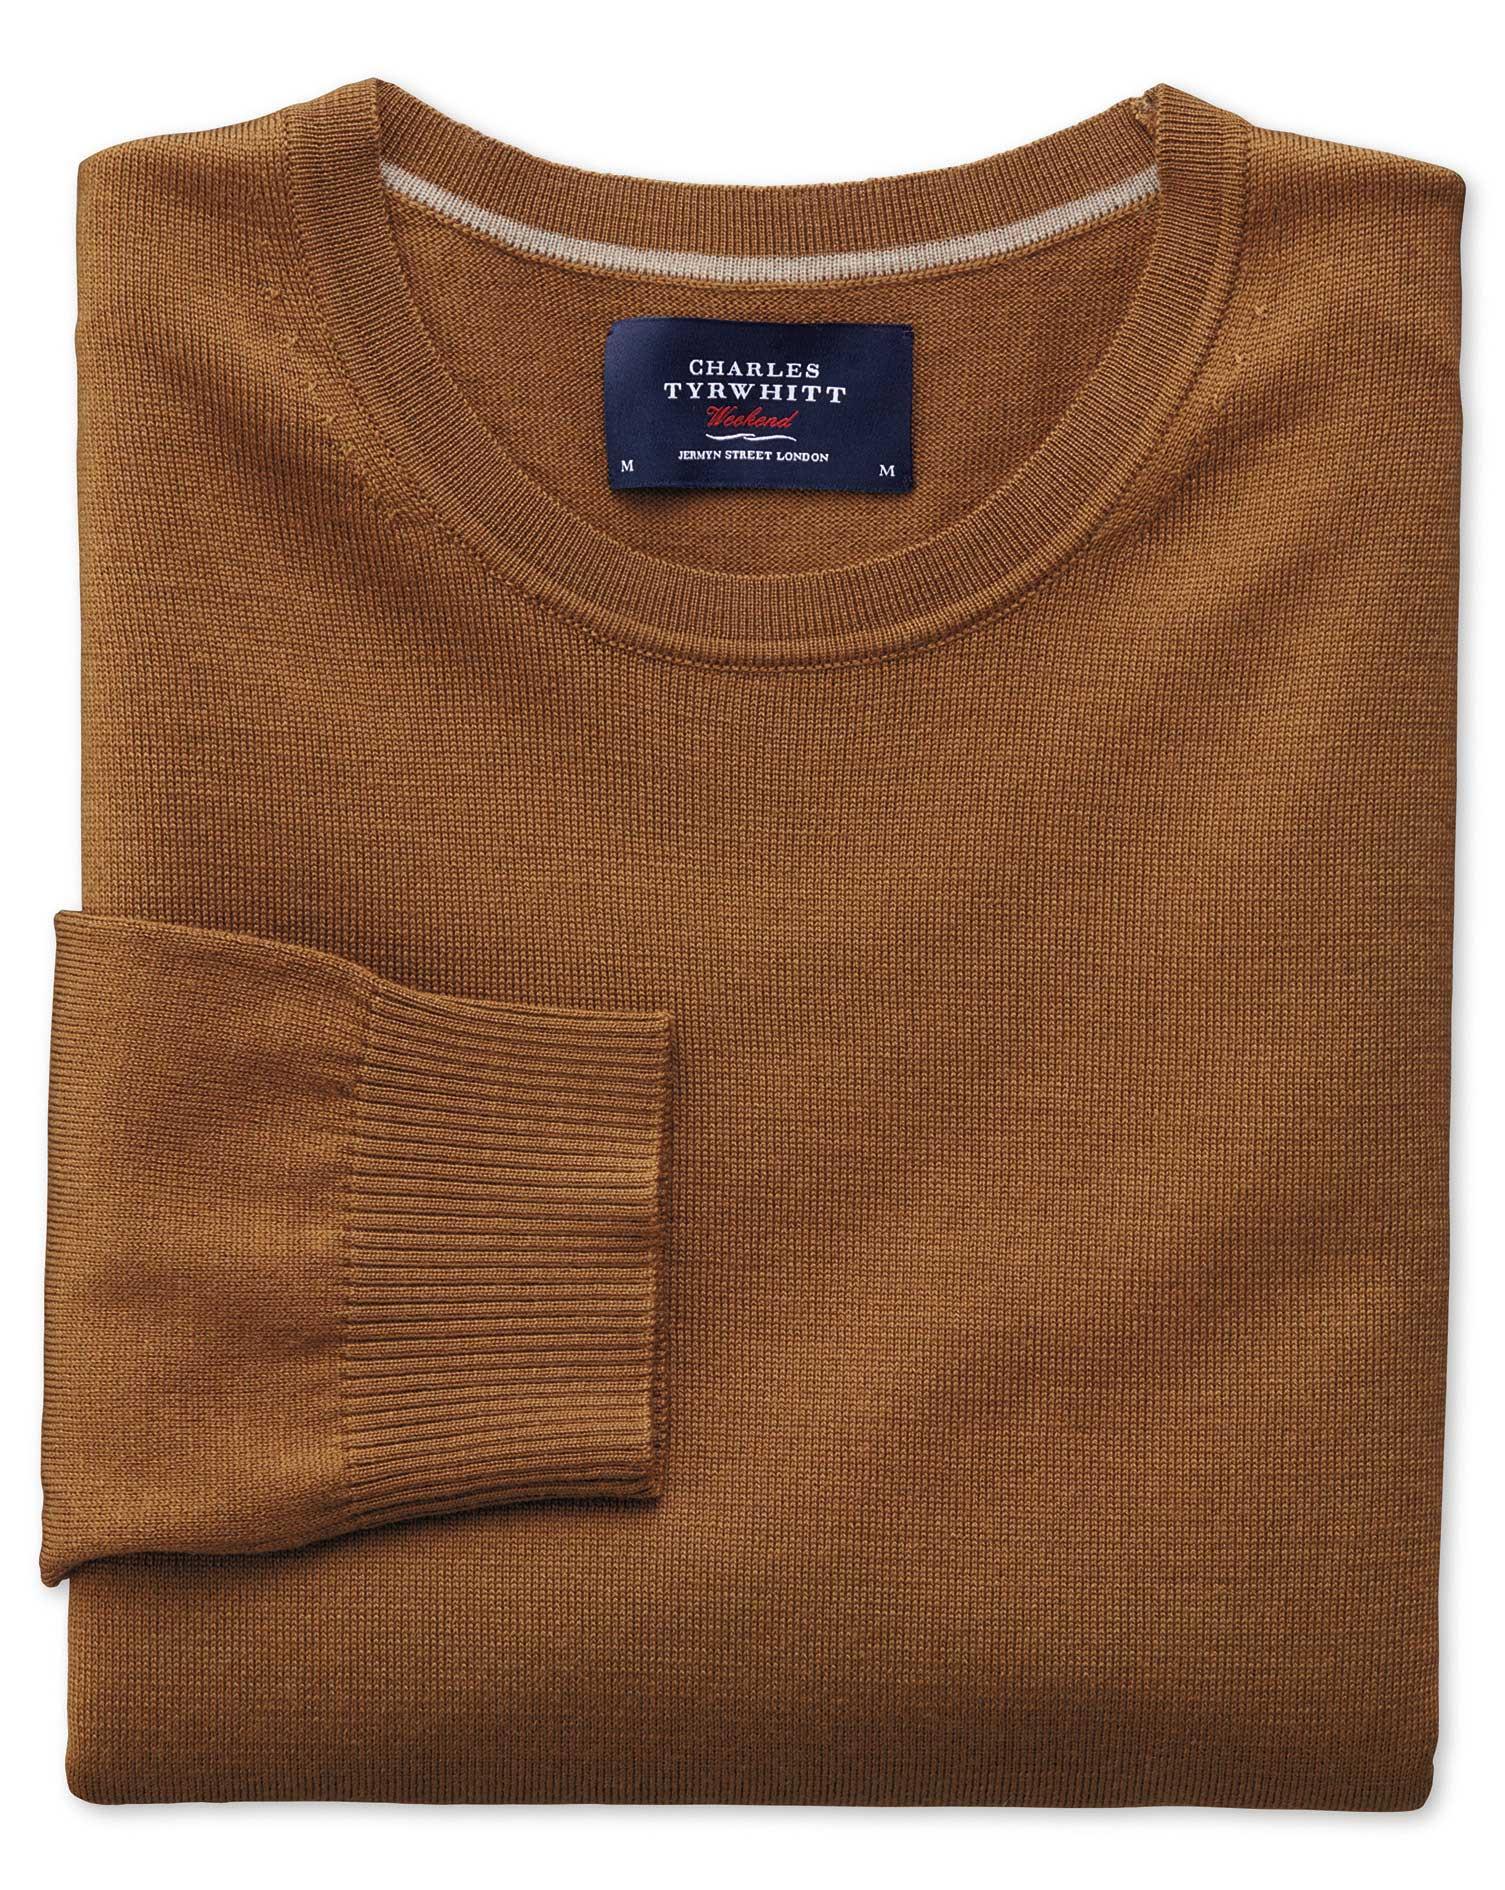 Tan Merino Wool Crew Neck Jumper Size Large by Charles Tyrwhitt
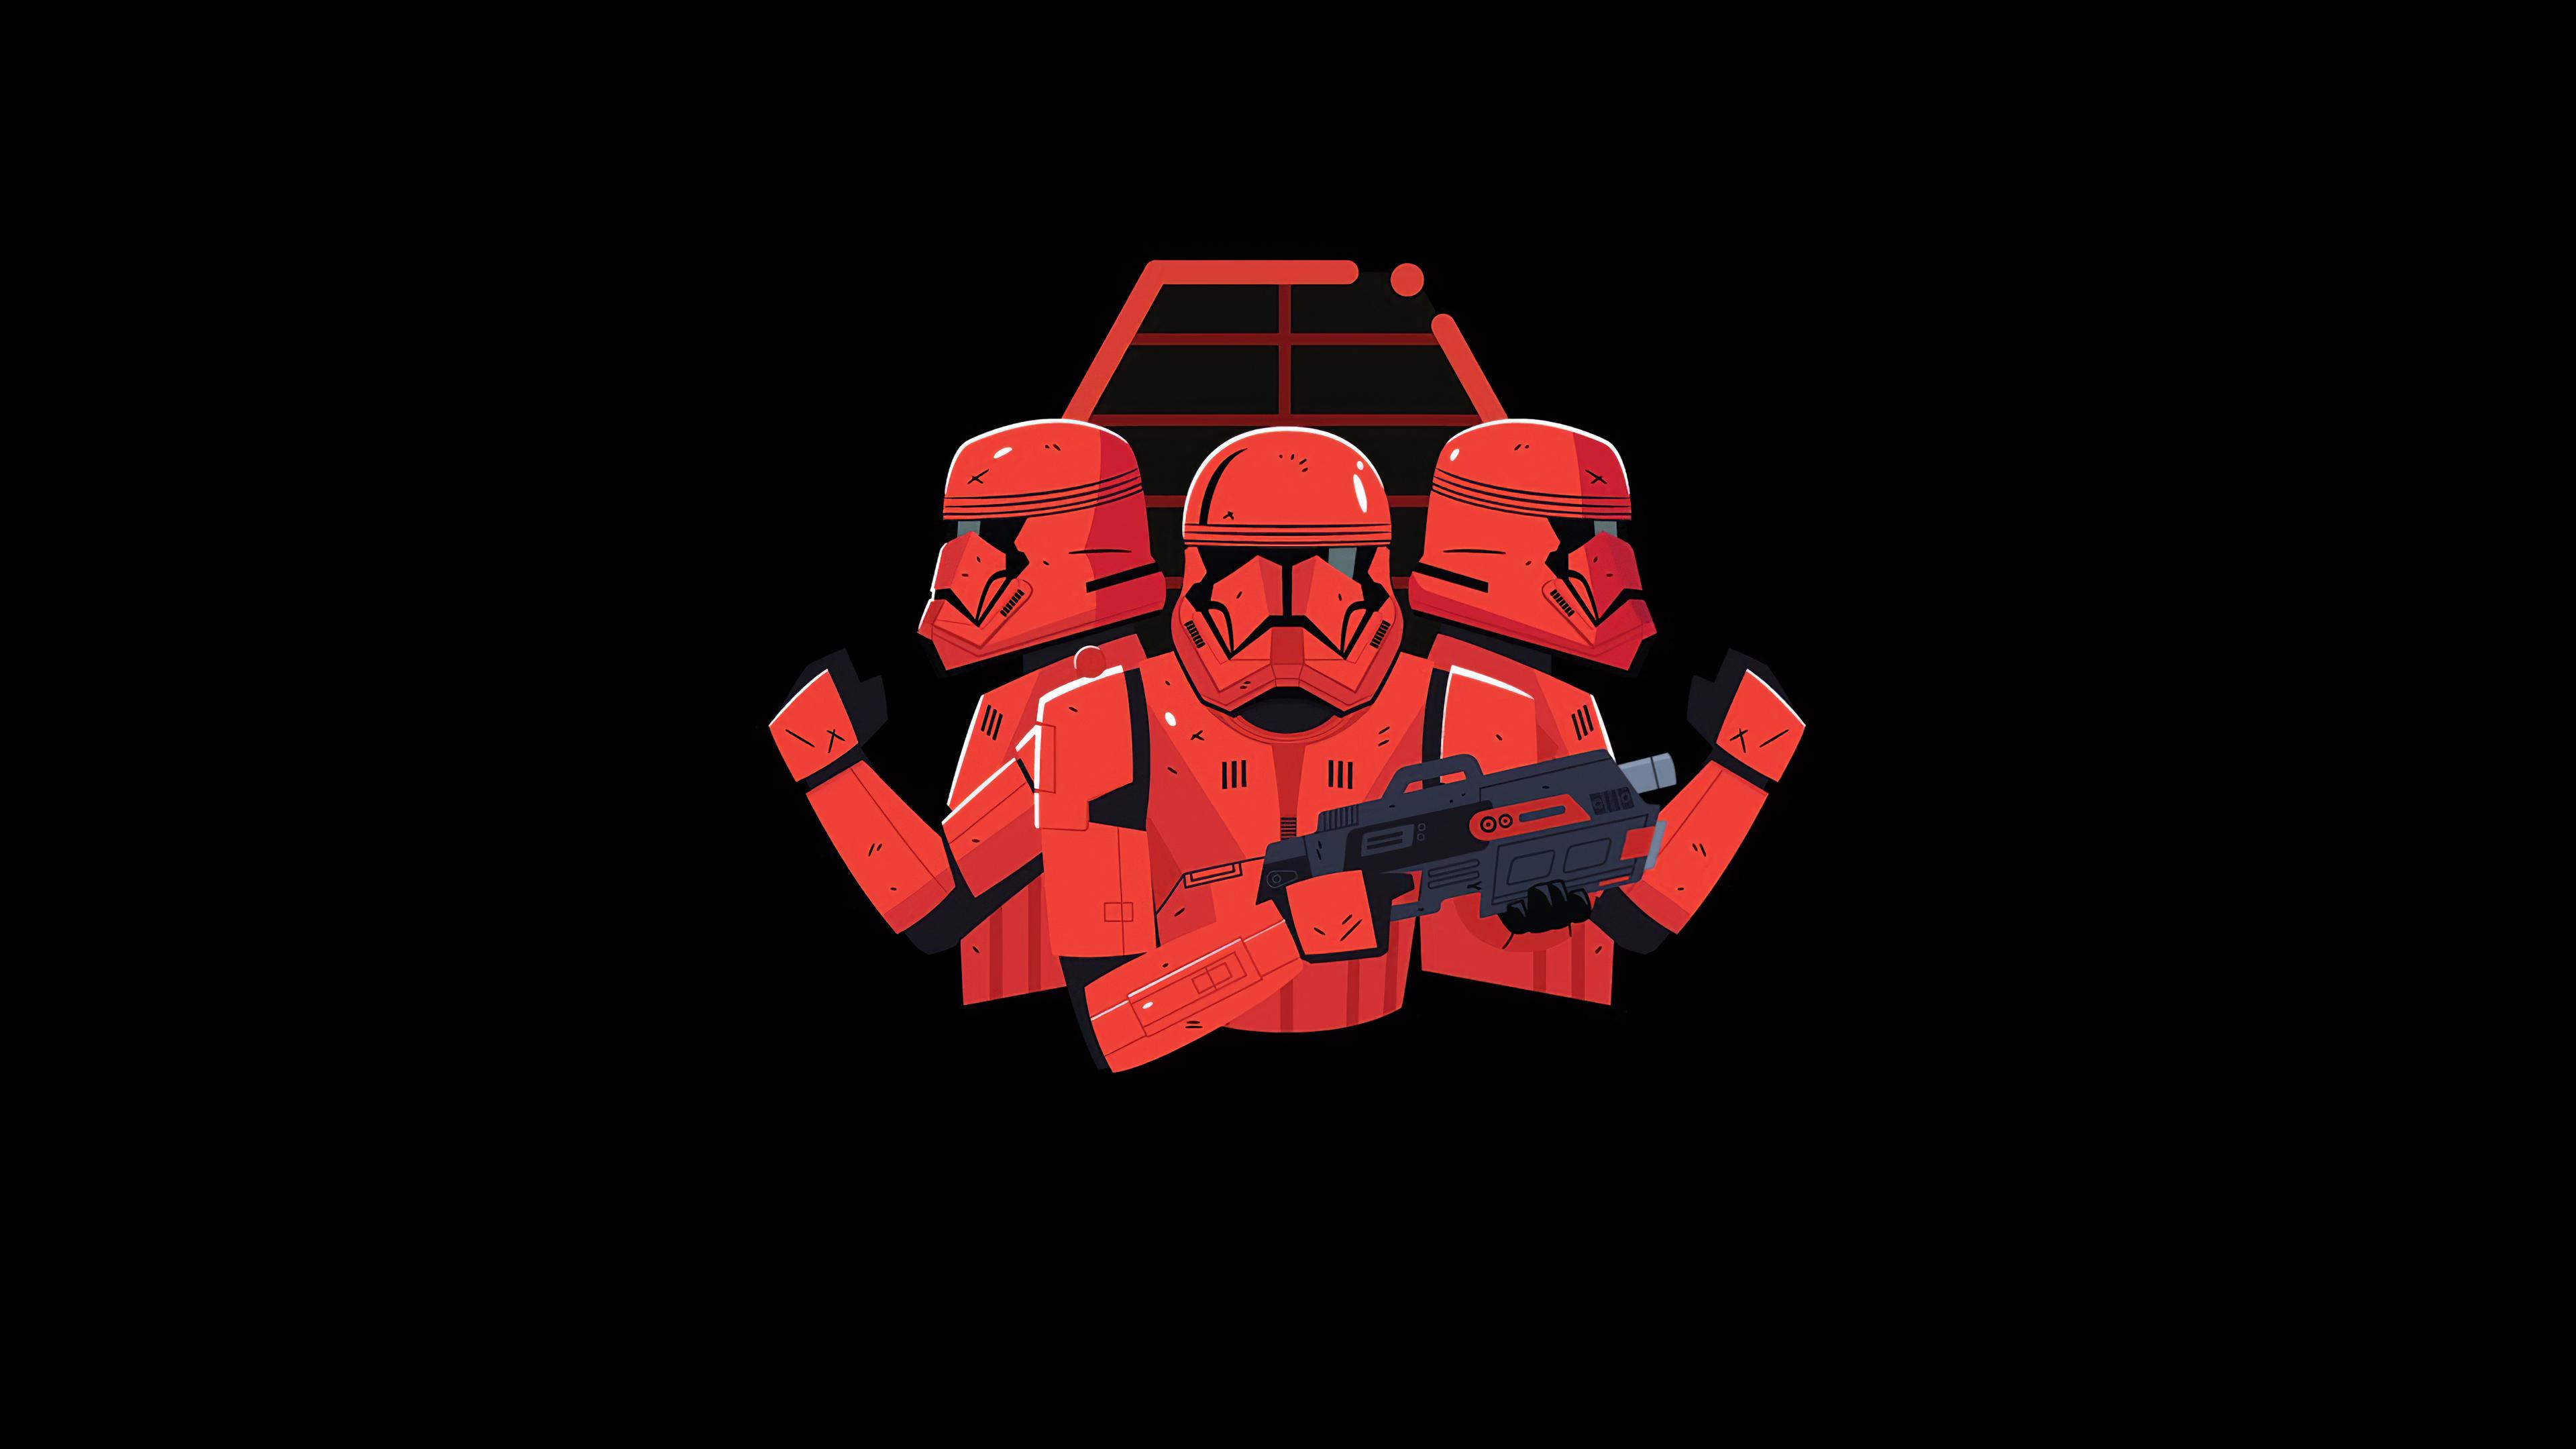 Wallpaper 4k Star Wars Stormtrooper Minimal
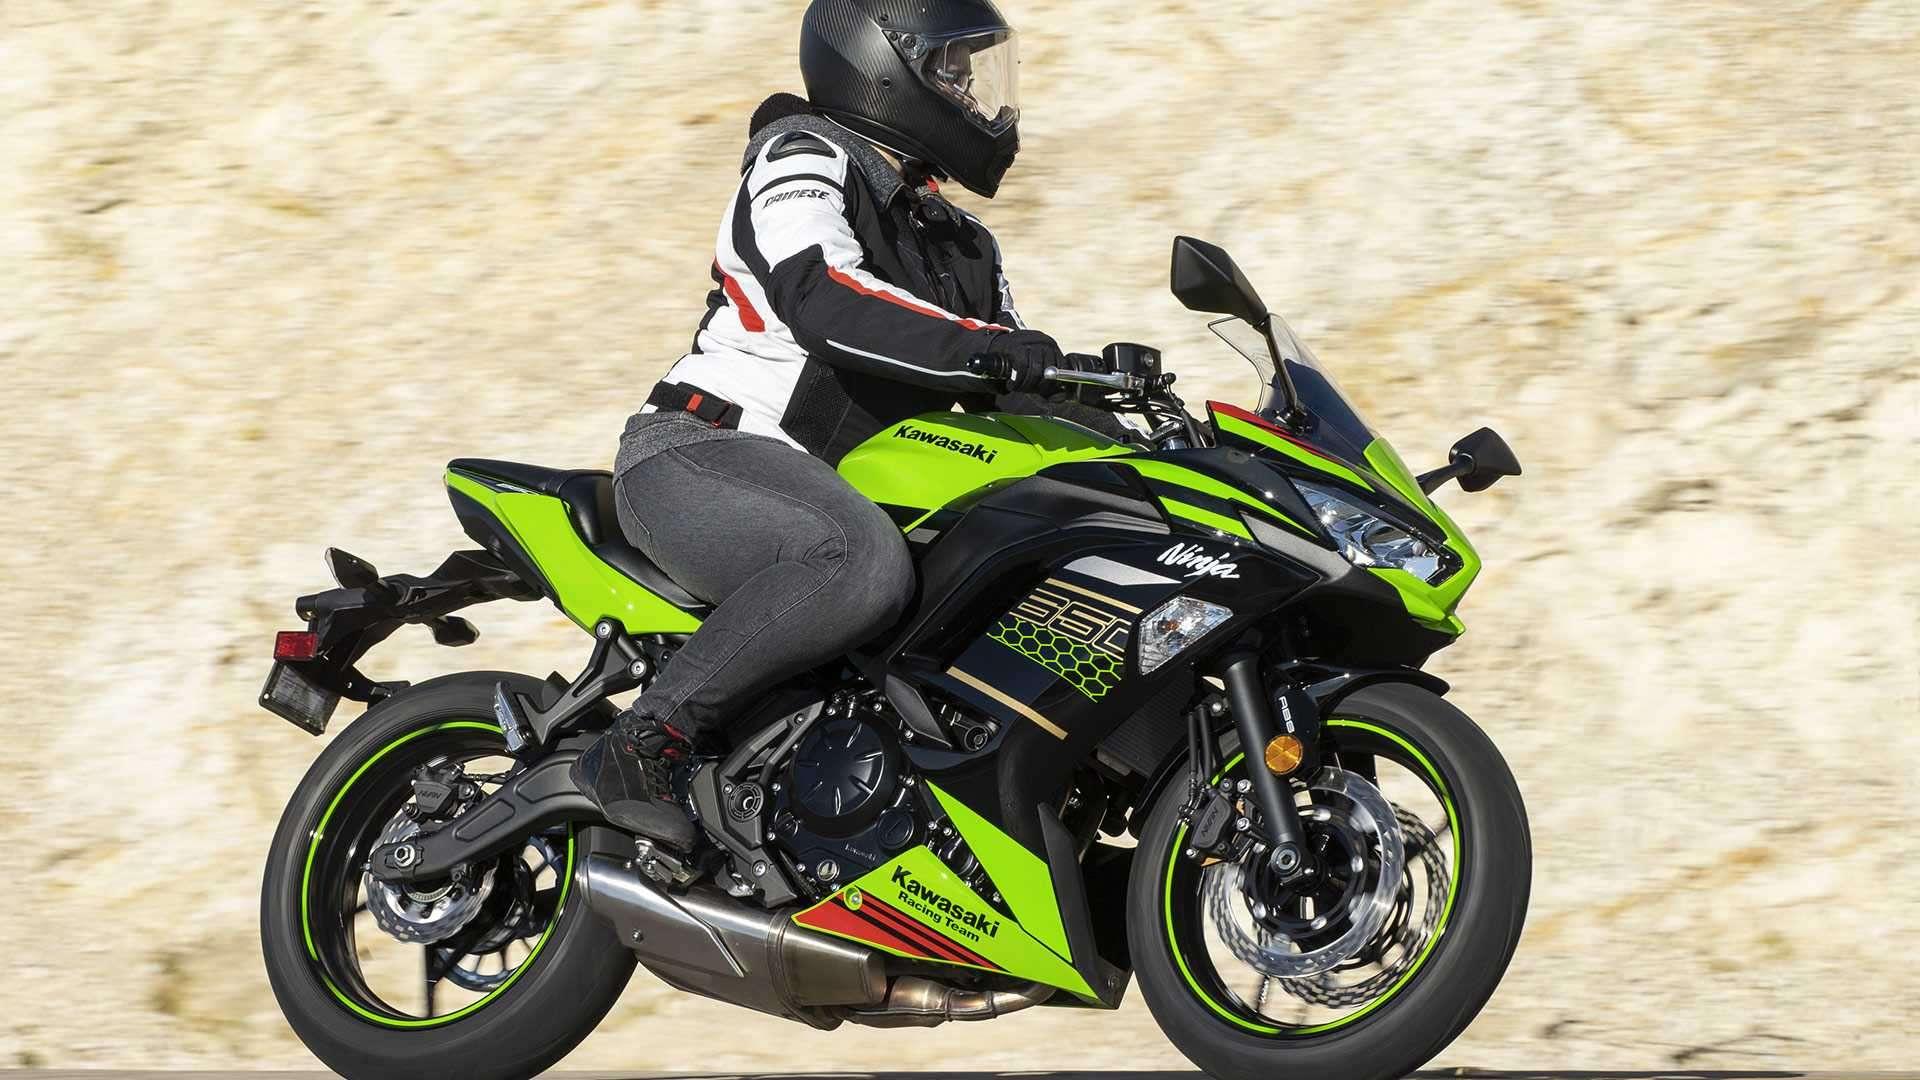 Test Ride Kawasaki Ninja 650 ABS KRT Edition 2020

▶ **Problem requirements**
Write out each line of the data exactly; the images should be left out.

▶ **Finished exercise**
 Tan Merino Wool Crew Neck Jumper Size Large by Charles Tyrwhitt
 Wallpaper 4k Star Wars Stormtrooper Minimal
 Test Ride Kawasaki Ninja 650 ABS KRT Edition 2020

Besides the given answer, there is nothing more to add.